Cardinals need offense but pitching, too. What potential moves could be in the works?
No professional baseball team has ever said definitively in November they have sufficient pitching coverage for the coming season. Or, at a bare minimum, they’ve never made that declaration and been correct.
Despite the numerous options on the roster and in the organization — and despite the need for offense which again defined their exit from the playoffs — the Cardinals are not the exception to that rule, and may indeed find outside pitching help to be their most direct path to improved fortunes in 2023.
“I’ve sat up here before with eleven (starters) that we could name, and that worked out well,” said a typically-dry President of Baseball Operations John Mozeliak at his end of year press conference. “We know we can add to this, and that’s how we’re going to approach it.”
If the Cardinals don’t currently have 11 starters in the system, they’re not very far off. With Adam Wainwright having signed an extension for his final season, he joins Jack Flaherty, Jordan Hicks, Dakota Hudson, Matt Liberatore, Steven Matz, Miles Mikolas, Jordan Montgomery, Andre Pallante and Jake Woodford as pitchers on the 40-man roster who, at one time or another, were part of the St. Louis rotation in 2022.
Even if Hicks is fairly removed from the equation as a starter, lefty Zack Thompson rose through the minors in that role, and lefty Connor Thomas is a lock to be selected to the 40-man roster after a dominating performance in the Arizona Fall League.
Oh, and Mozeliak identified righty Gordon Graceffo — who was briefly at least contemplated as an option to be called up from High-A — as perhaps the team’s most rapidly ascending prospect heading into the winter.
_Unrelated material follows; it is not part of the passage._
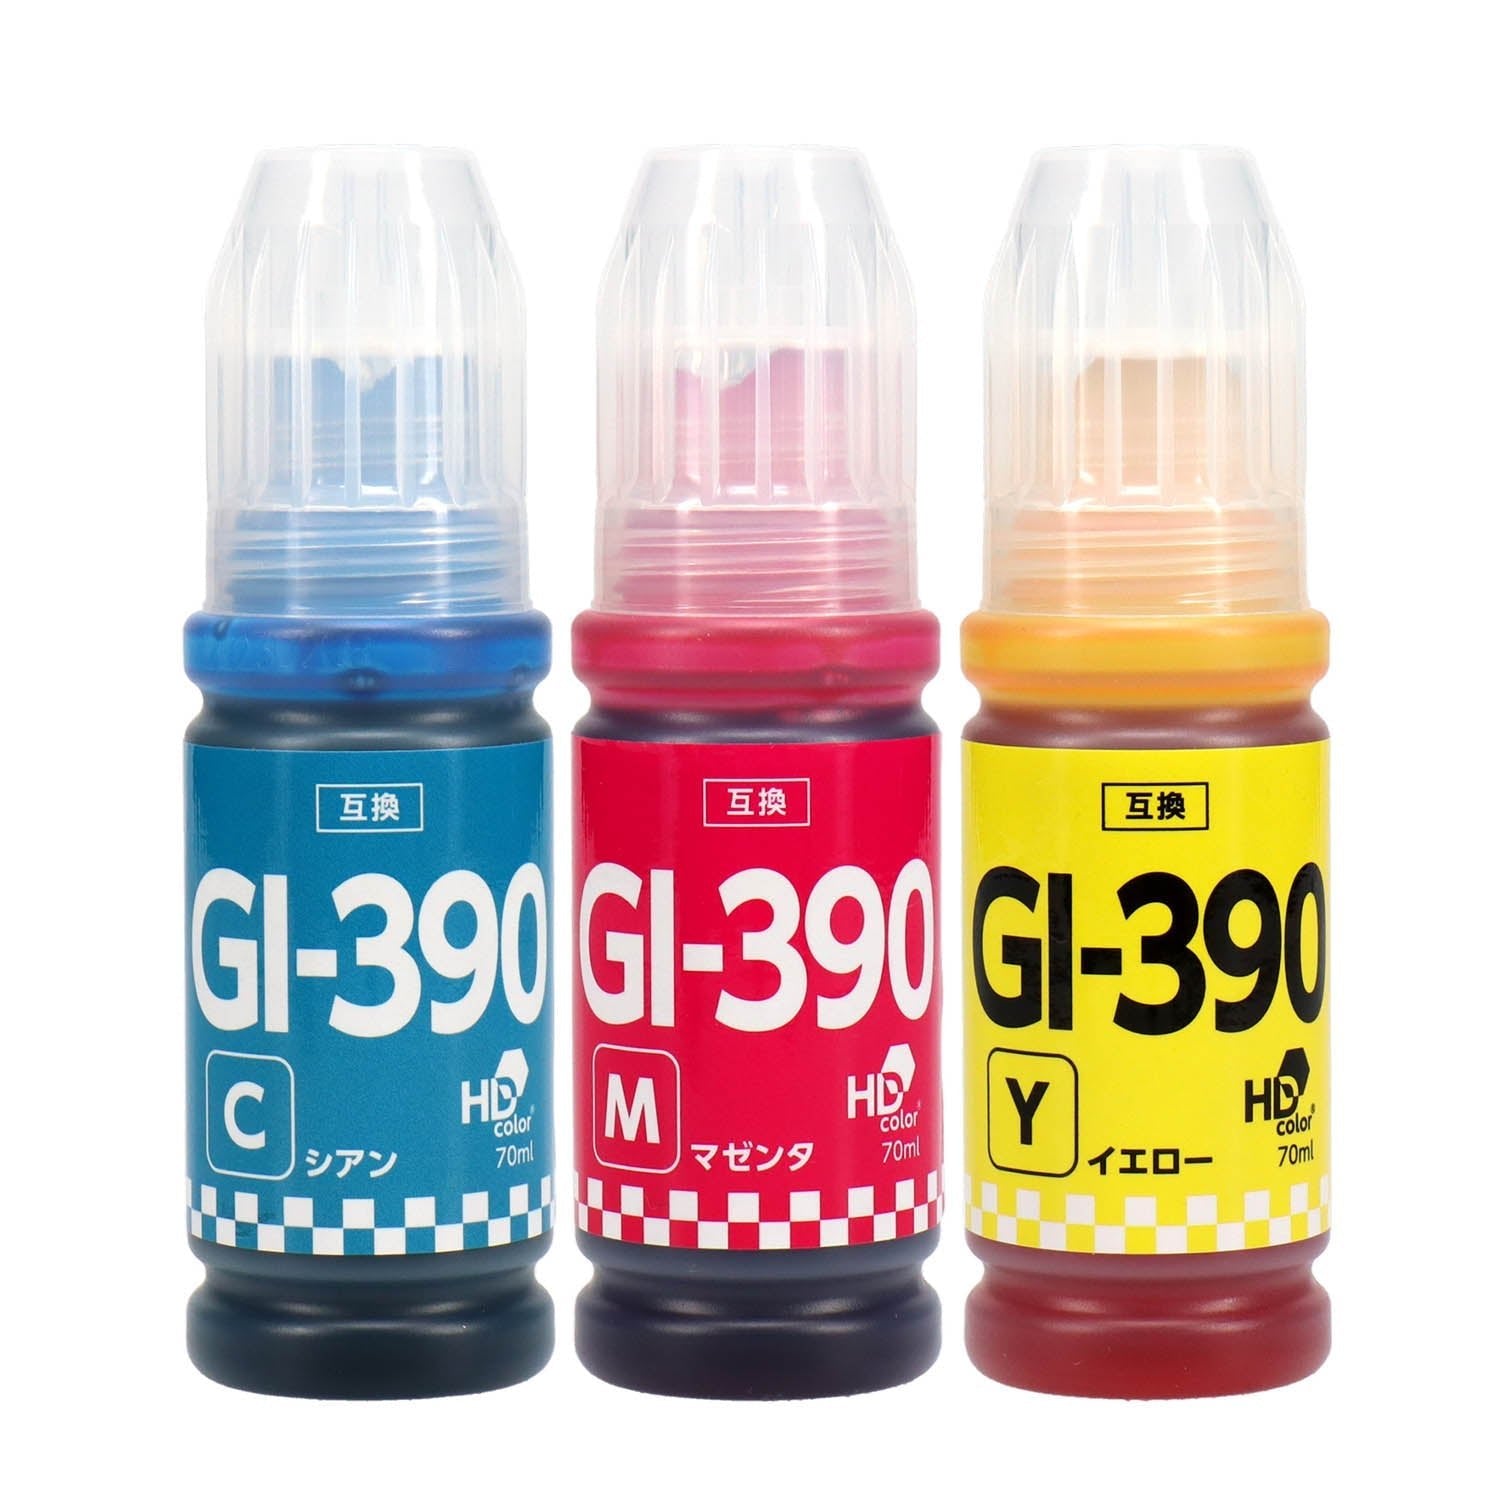 キヤノン用 GI-390 互換インクボトル カラー3色

Where, then, is the place to add? Certainly the Cardinals have a sufficient number of bodies to throw at a potential innings gap, but health is never guaranteed and performance is too often elusive. Hudson, for instance, was optioned to Triple-A in September. He provided one stellar start, one solid bullpen outing, and one atrocious start in his three appearances after being optioned and enters the winter with perhaps more questions about his fit than any other pitcher on the roster.
“I think Dakota can be a starter at the major league level,” Mozeliak said. “I think when he picks up his pace, when he throws the ball over in the strike zone, he’s amazingly effective.”
Rule change to benefit Hudson?
With a mandatory pitch clock being introduced to MLB in 2023, Hudson may well stand to benefit. His troublesome pace was addressed multiple times throughout the season and was a point of emphasis during his demotion. Without a choice but to speed up moving forward, he’s likely to find himself forced into increased effectiveness.
Still, Hudson’s primary weapon is a sinker that bites down hard on bats to induce a larger-than-average proportion of weak ground balls. The club’s desire for more swing and miss out of its pitching staff was another common 2022 theme, borne out by the end of season results — dead last in strikeouts in the National League.
The Cardinals averaged 7.4 strikeouts per nine innings as a club, or just about half of free agent Jacob deGrom’s 14.3 in the same category. If a record-breaking average annual value paired with persistent injury concerns gives the club pause, they might instead consider Carlos Rodón. His 12 strikeouts per nine innings led all qualified pitchers in the big leagues, and the lefty who will pitch next season at age 30 seems to have established himself firmly in the game’s upper echelon of starters after overcoming his own injury concerns.
Ultimately, the pledge from the Cardinals to increase payroll in 2023 seems to point inexorably toward the free agent starter market. Rodón especially seems like a solid fit, and the Cardinals thought so as well as recently as this past summer, having explored his availability in trades with San Francisco.
More about Flaherty, Montgomery
From there, a path opens to perhaps trading from strength to address obvious weaknesses. For all of the crowding in the rotation heading into the 2023 season, it’s set to all but empty out next winter. Flaherty and Montgomery will have reached the end of their team control, Mikolas will reach free agency, and Wainwright is headed for retirement. Prospects like Graceffo and Liberatore may be poised to graduate, but they’ll have a heavy burden to help Steven Matz shoulder.
If extensions aren’t in the offing for either Flaherty or Montgomery, could either or both become highly valuable trade chips? Would the Cardinals be willing to take that risk, having seen first hand the peaks to which each is able to climb when at his best? If such a move was made, freeing up even more salary, how much would they value the resulting flexibility?
More than five pitchers will start for the Cardinals in 2023. If history is a guide, it’s likely more than 10 will. Selecting those arms — and sorting through the rest — is a perpetual riddle that no team ever truly solves.